What is being asked: Reproduce the data exactly and drop any pictures it holds.

Given material:
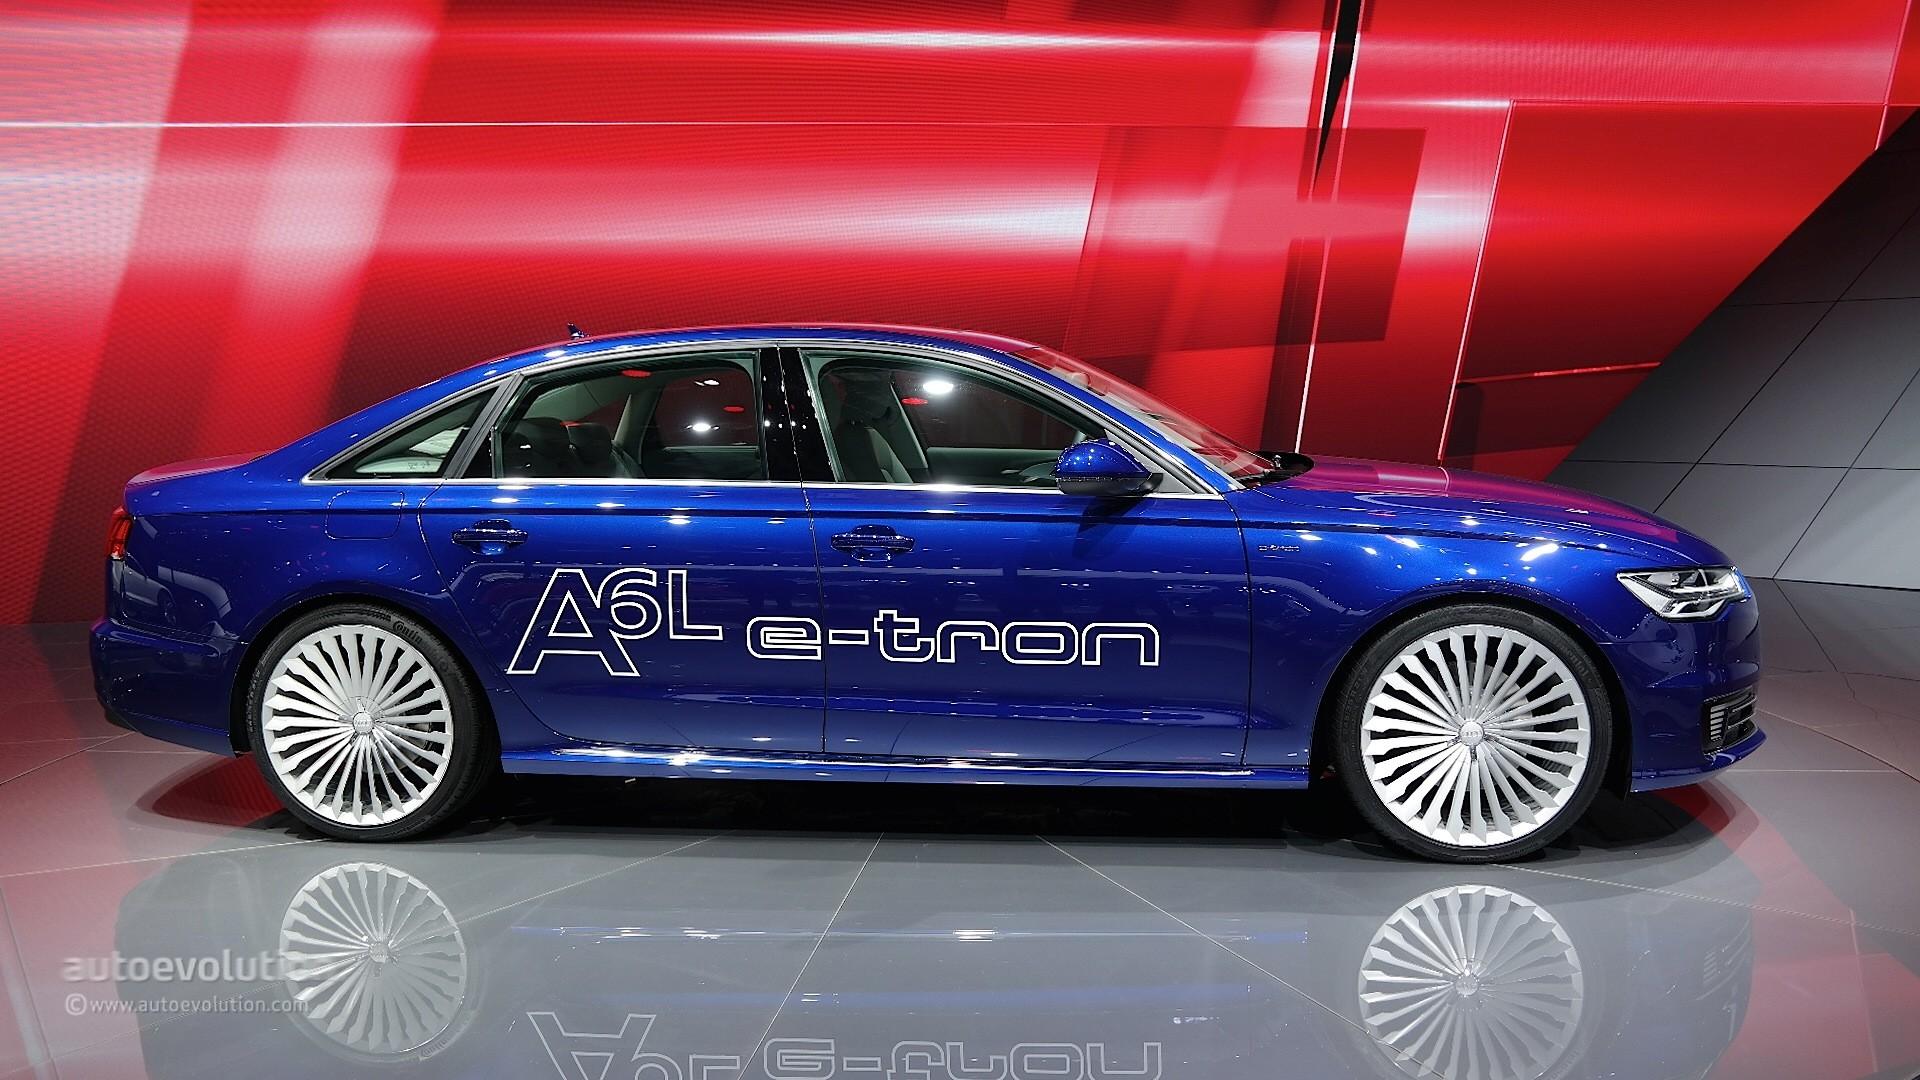 Audi A6 L e-tron Plug-in Hybrid Debuts at Auto Shanghai ...
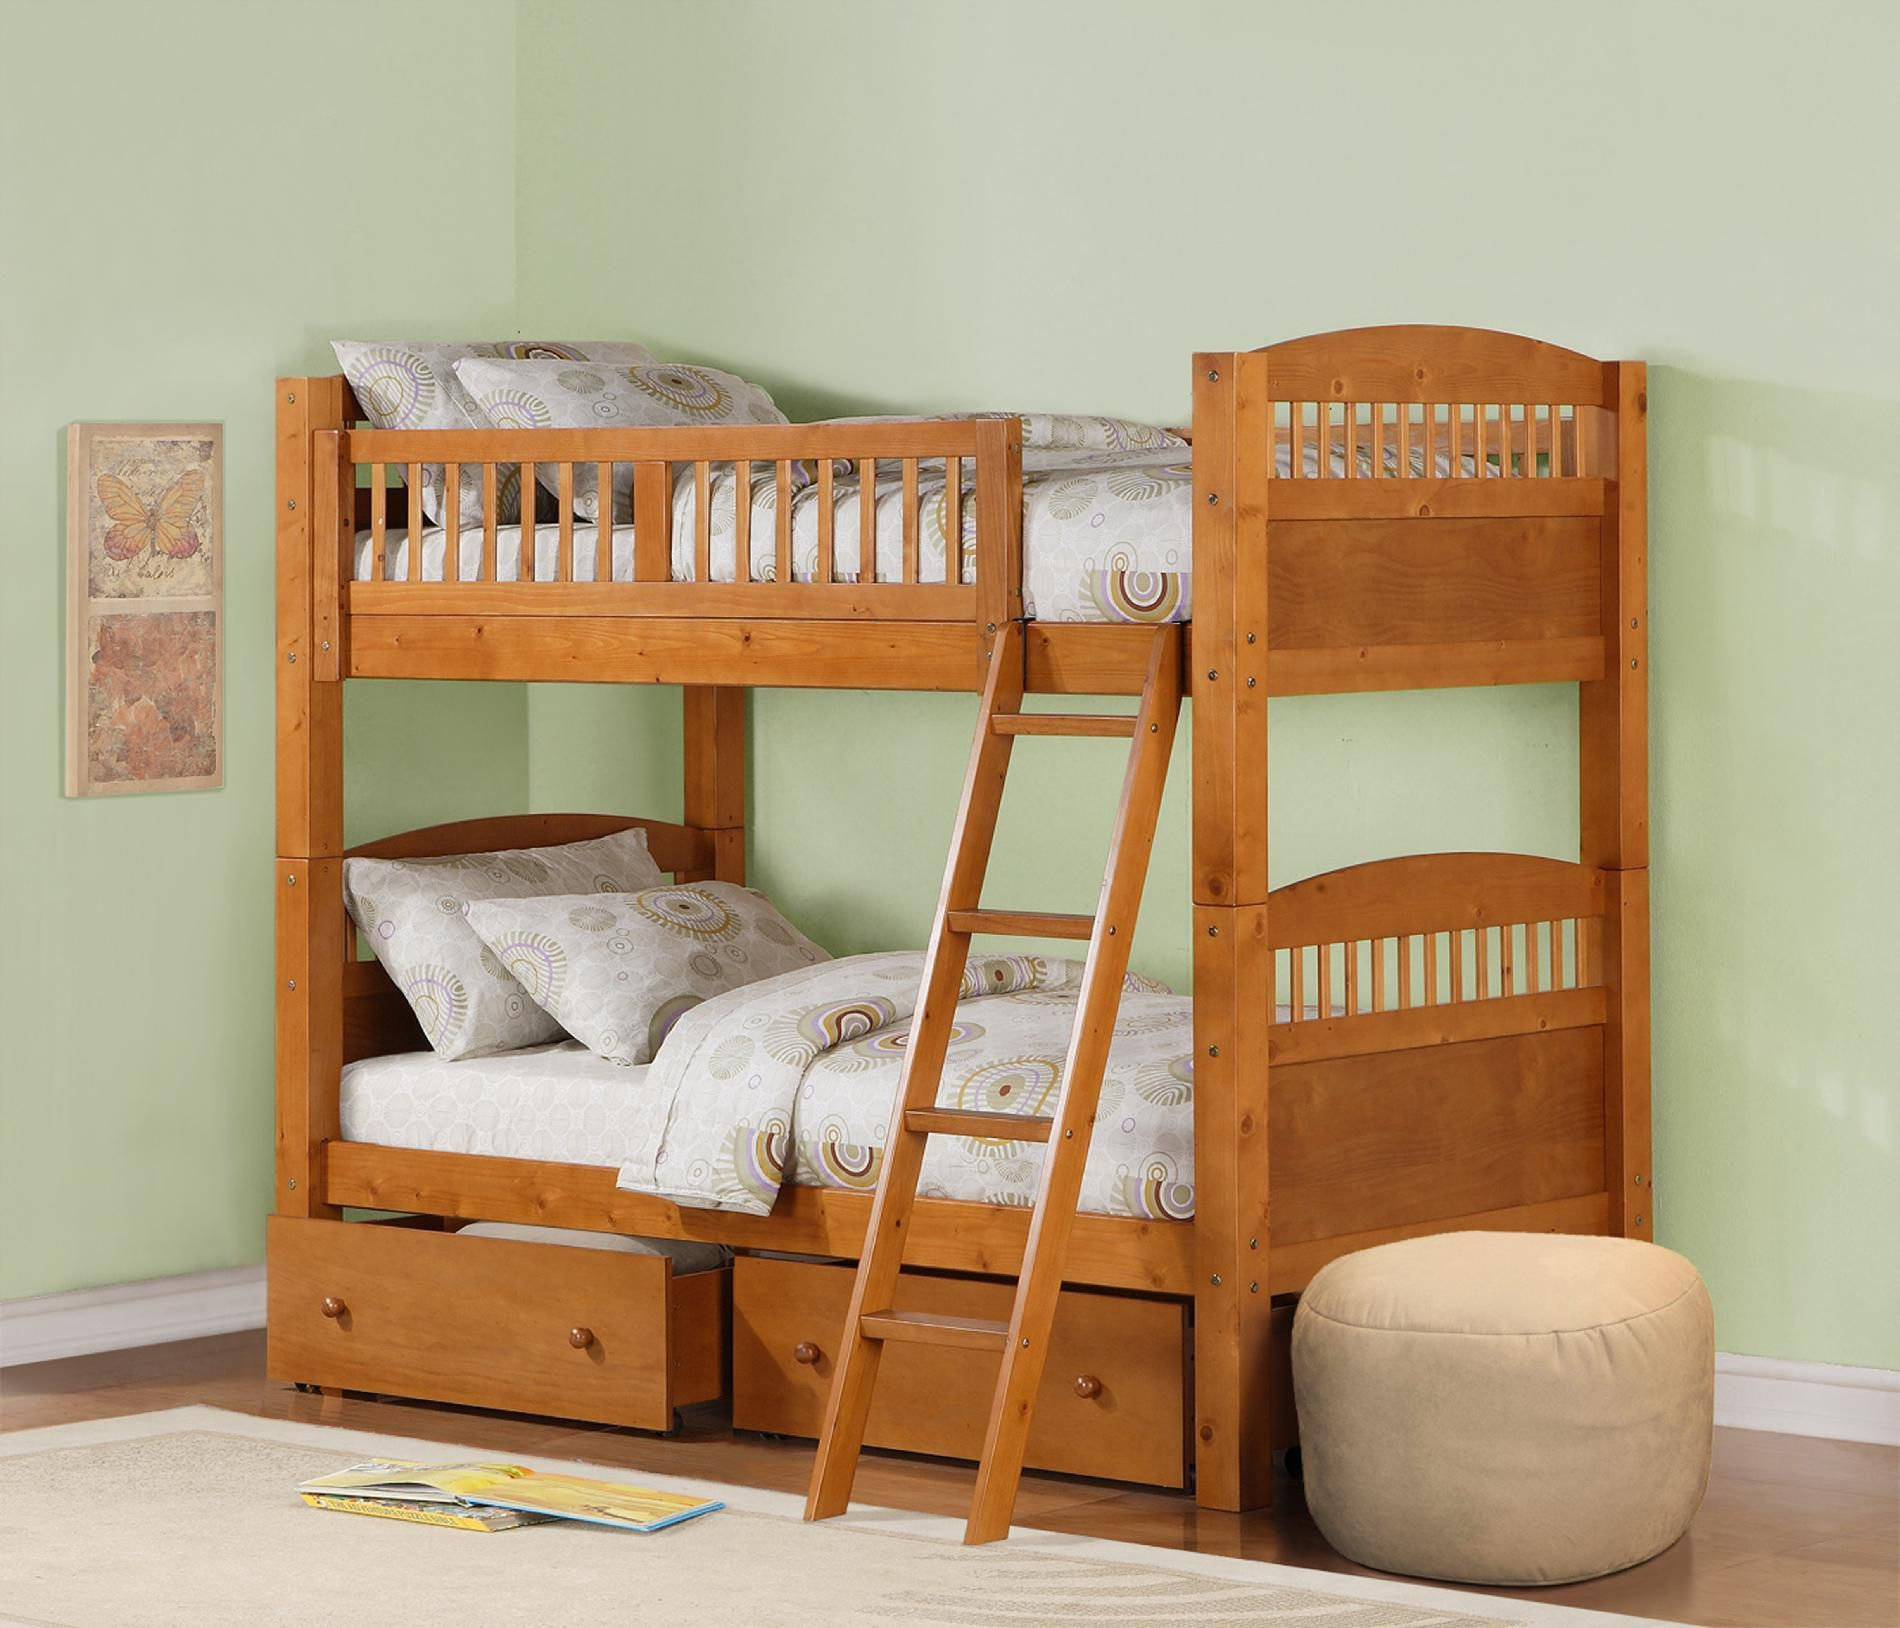 Pine Bunk Bed Sleep Well With Sears Kid Bedroom Ideas
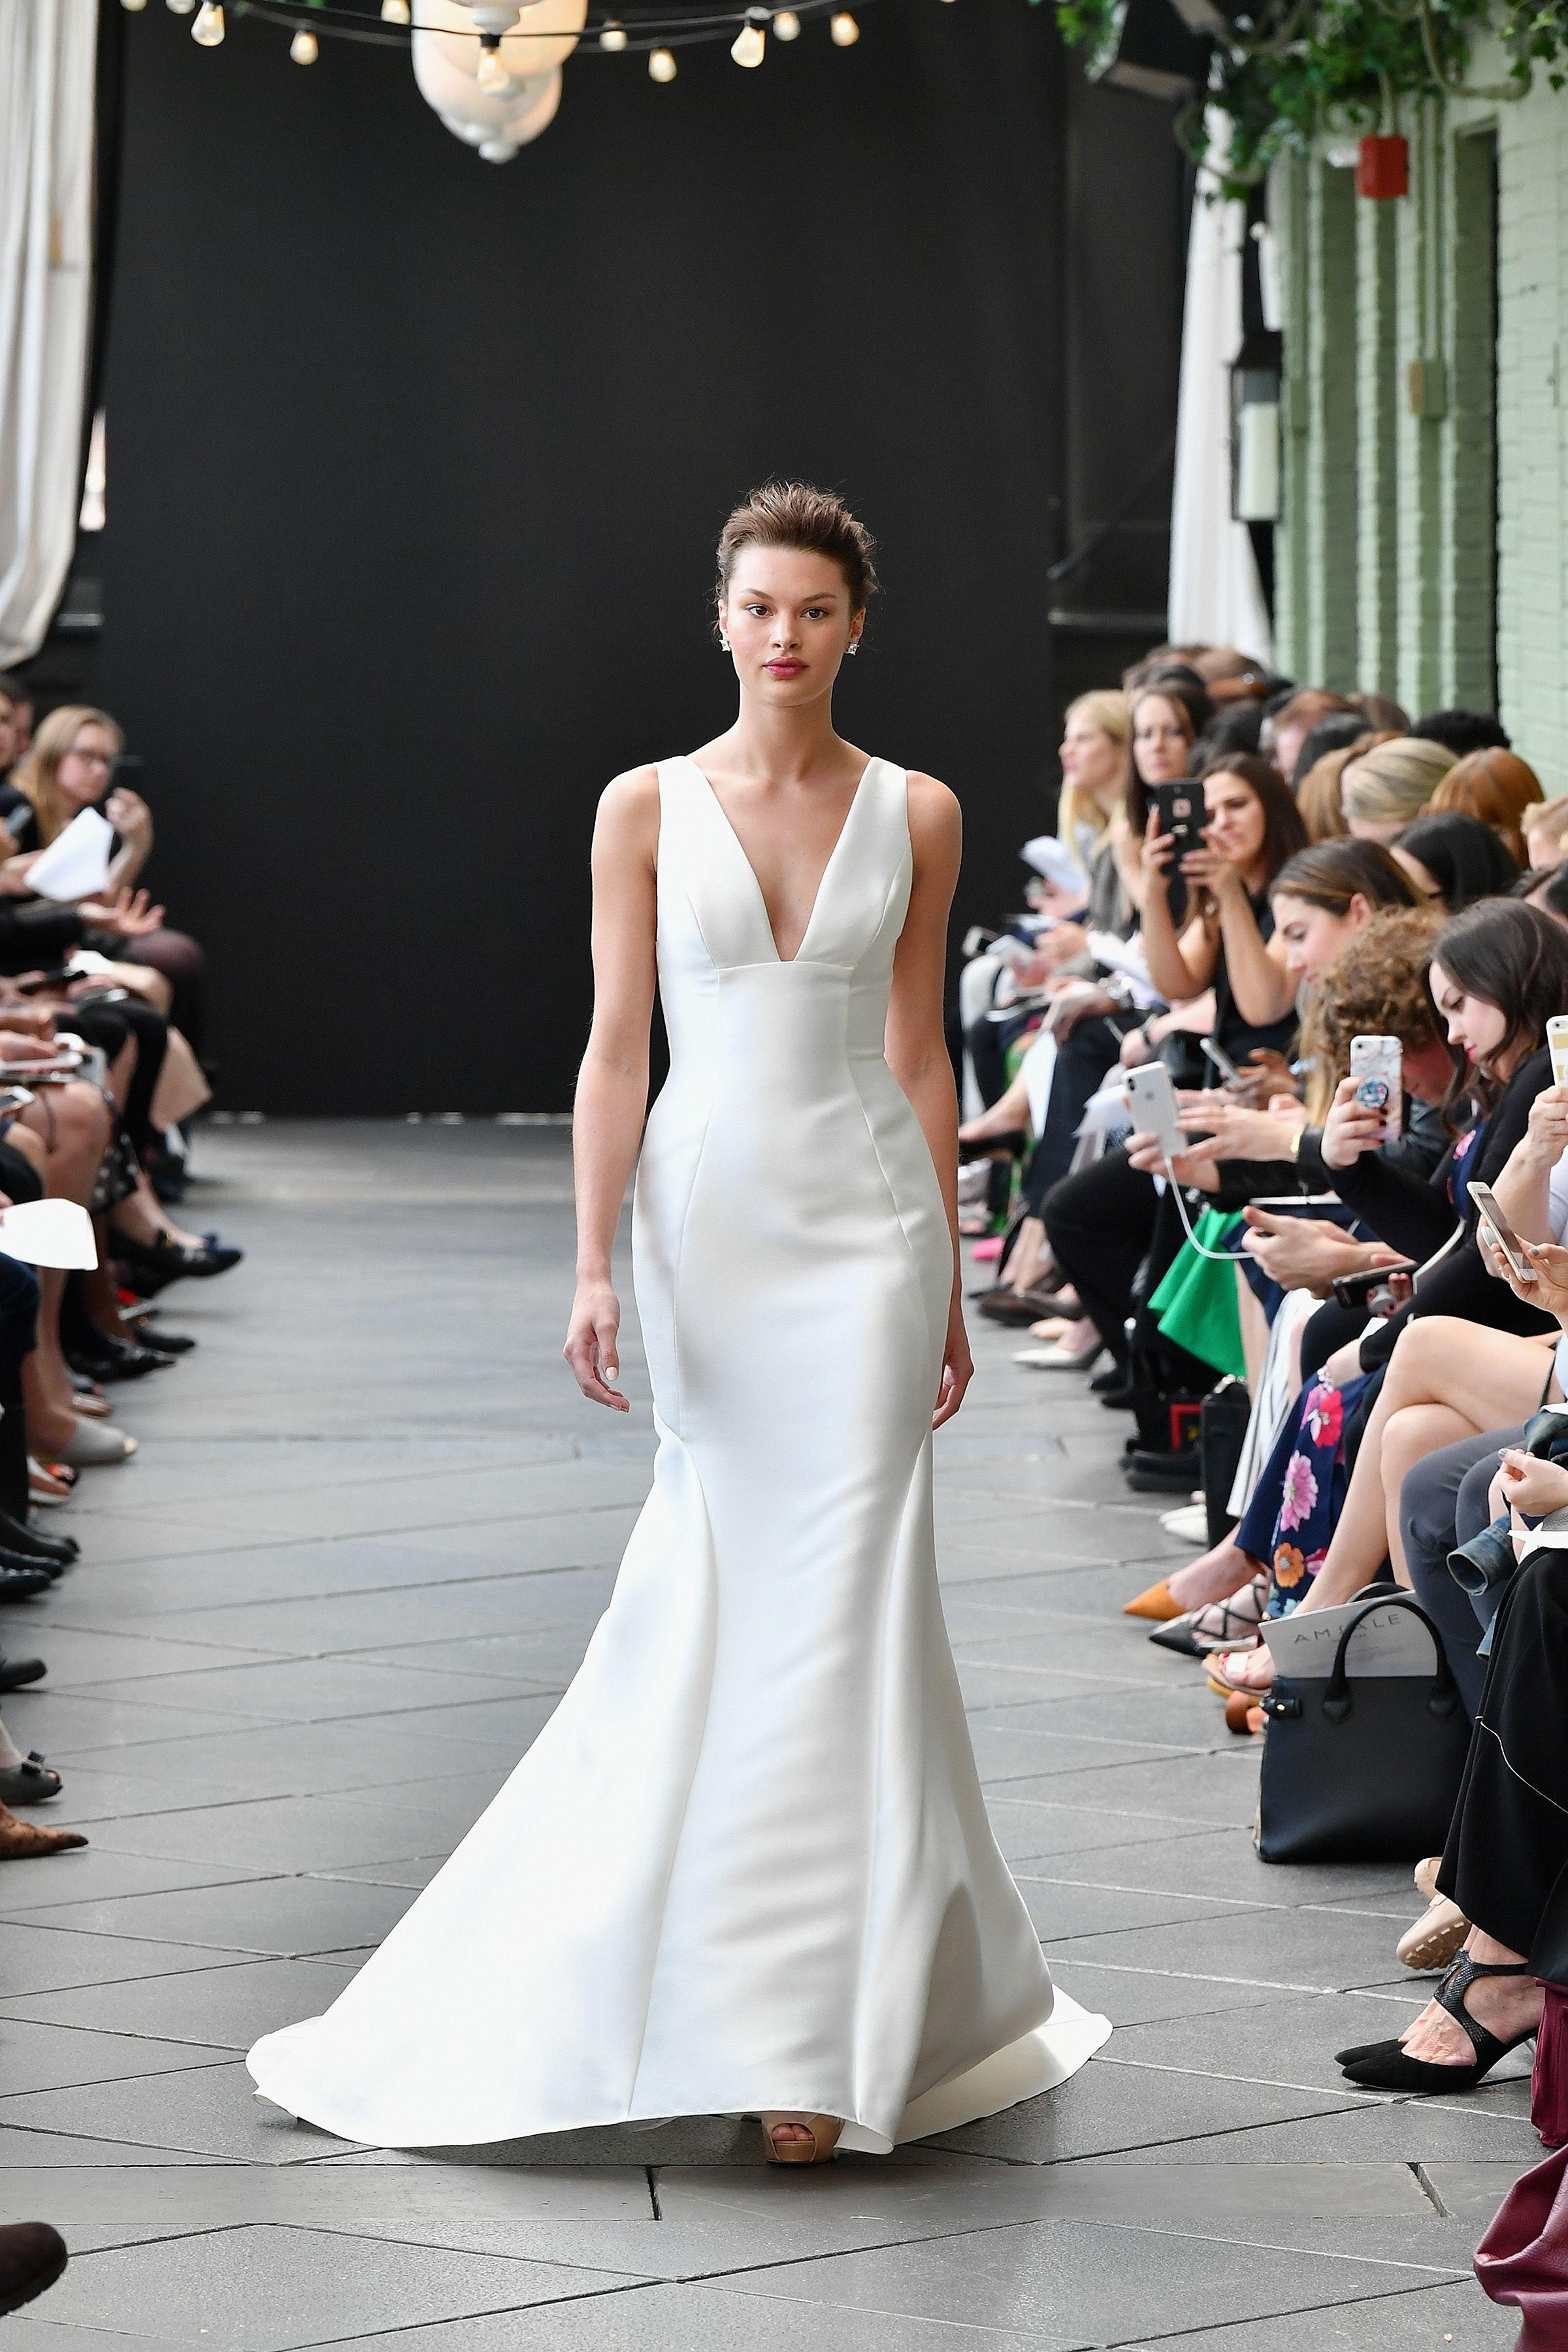 Lydia Wedding Dress By Nouvelle Amsale Bridal Amsale Wedding Dress Amsale Bridal Wedding Dress Inspiration

Response:
 Audi A6 L e-tron Plug-in Hybrid Debuts at Auto Shanghai ...
 Pine Bunk Bed Sleep Well With Sears Kid Bedroom Ideas
 Lydia Wedding Dress By Nouvelle Amsale Bridal Amsale Wedding Dress Amsale Bridal Wedding Dress Inspiration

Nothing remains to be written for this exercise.